The question of who ran John down remained a local mystery and curiosity eventually went the way of the wind. What happened at the diner and in the desert came and went so quickly in the news and disappeared as a topic of local conversation that, as usual with tragedy, only those with scars cared, and like Walt, we gradually became unresponsive, except perhaps in our dreams.
I saw the cross in my side mirror, bobbing toward me along the shoulder a hundred yards away. I got out of my truck. It seemed to me I had forgotten something and then I remembered the burrito. I wasn’t ready to eat it, but I was far from ready to leave it behind.
John said he was just fine with leaving the cross on the side of 117. The unofficial Rockmuse City Council wanted it moved off the road, and it would be several months at least until John was strong enough on his new leg to even attempt to haul the cross into town. I’d offered to transport it in my trailer and he was adamant that the cross should never leave the ground. It had to be carried.

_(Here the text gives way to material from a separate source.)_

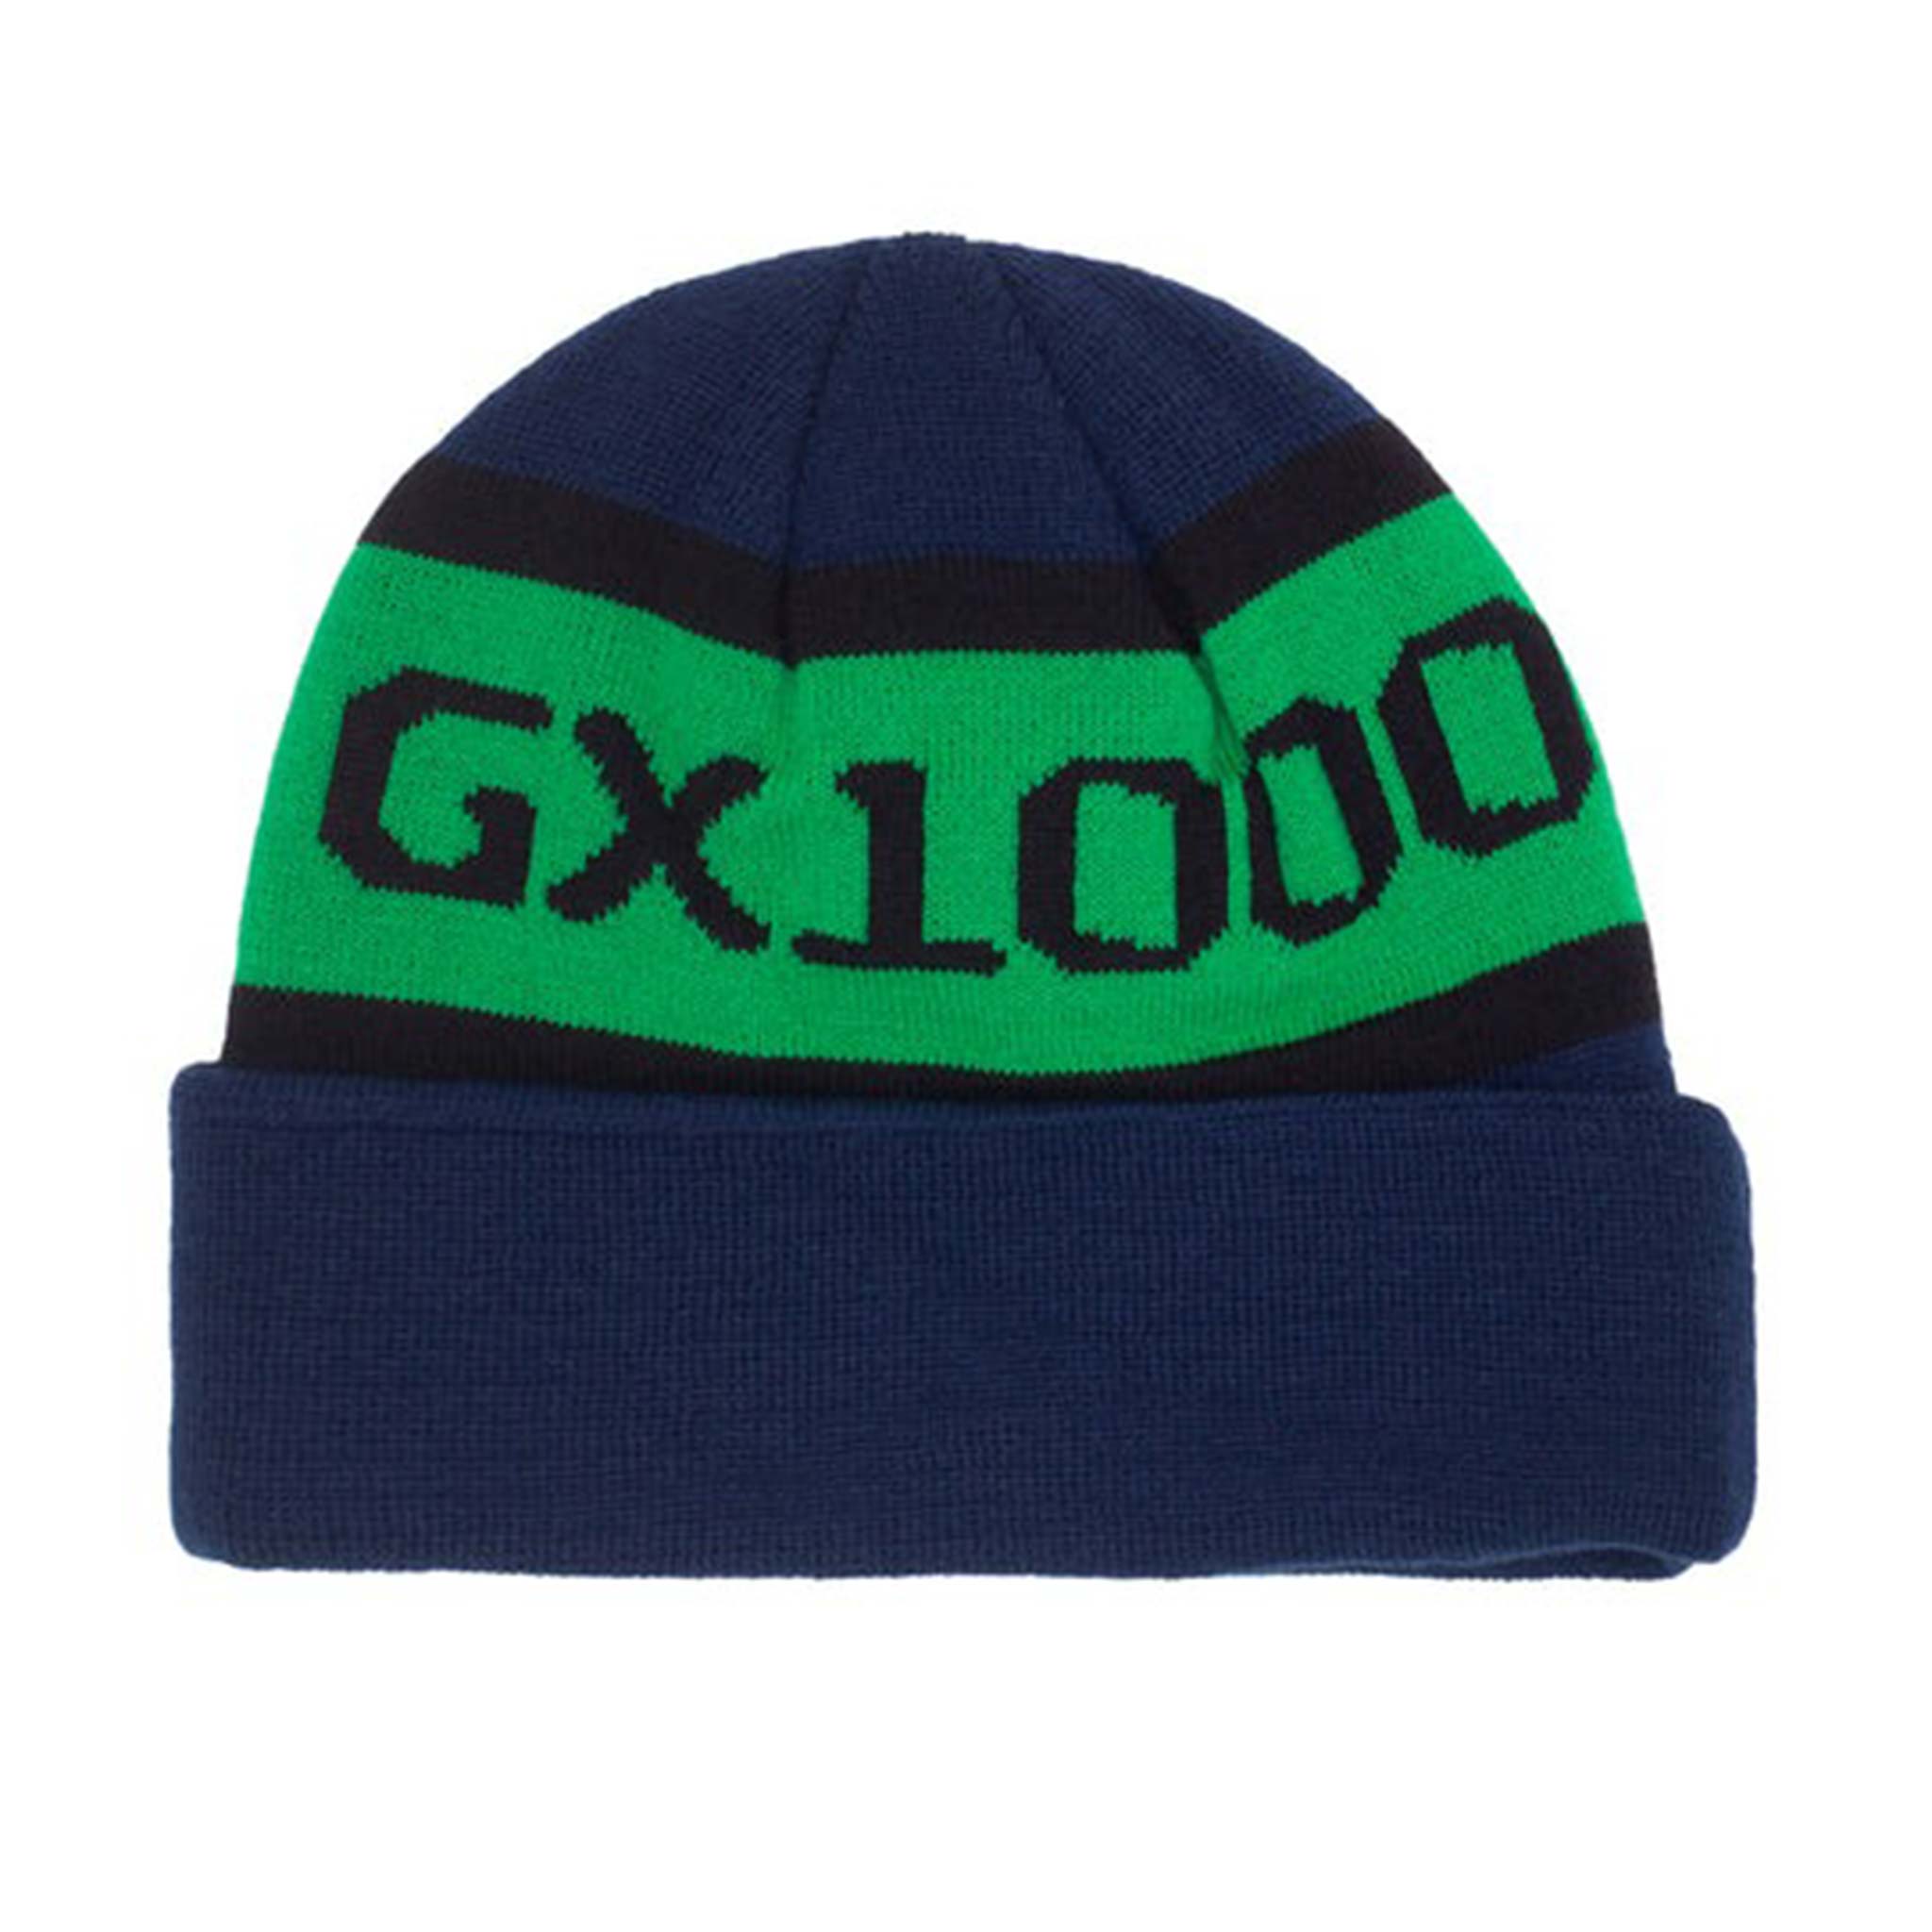 GX1000 OG LOGO BEANIE BLUE 【 ジーエックス1000 オージー

There was the implication that hell was a possibility if his wish was ignored, and, publicly at least, that suggestion brought some laughter, except from the few of us that knew a bit of hell firsthand. We could have lied to him—in fact, the consensus was to lie—but when it came right down to it, no one wanted to be a party to lying to a preacher, especially John. A relay of volunteers became the only solution, followed by a community potluck dinner at John’s True Value First Church of the Desert Cross.
The squeak of the wheelbarrow axle signaled the impending arrival of the couple who had the leg of the relay ahead of me. I recognized them as the two who had come upon the accident and had gone up ahead and sent Andy.
The relay had begun at dawn and it hadn’t taken long for folks to realize that hauling that cross was more strenuous and weighty labor than anyone anticipated. Roy solved the problem, as he solved all problems, by fashioning a yoke of sorts out of a used tire. With some foam rubber and an old quilt for padding, two people could harness up and carry the cross for the prescribed mile. To my knowledge no one had been able to carry the cross alone.
Roy had mended well and quickly. He never saw who shot him, or the dog. He did see the snake—after it had struck him, and would have struck again if the girl hadn’t come out of nowhere and grabbed the snake and thrown it back into the mountain of tires. For a week or two after he returned to his garage, people from Rockmuse, including Phyllis, brought him food. He must have liked her food because little by little he began taking his meals at her place, where, as rumor has it, he now occasionally eats breakfast. The two of them shared an early leg of the relay.
The couple, perspiring heavily, huffed up to me and I put the burrito inside my shirt and hefted the cross on my shoulder. The makeshift yoke dangled behind me. I thought I was big enough and strong enough to carry the cross all by myself and declined offers of a partner. Less than a hundred yards later, when it was too late, I reassessed that glowing estimation of myself and increased my admiration of John—and Jesus, in that order.
The bullet the surgeon dug out of me had not penetrated very far, slowed considerably by first passing through the girl. It had lodged in the dense muscle of my neck, barely missing the carotid artery. If it had hit the artery, someone else would be carrying the cross in my place. The pressure of the cross brought back the pain, and as I walked I switched the weight back and forth between shoulders. It didn’t help that much and my mile stretched out endlessly ahead. I knew if I stopped to rest I might never get going again and I concentrated on putting one foot in front of the other, my eyes on my boots, and willing myself not to look too far down the road. My relief was to meet me at the Rockmuse City Limits sign.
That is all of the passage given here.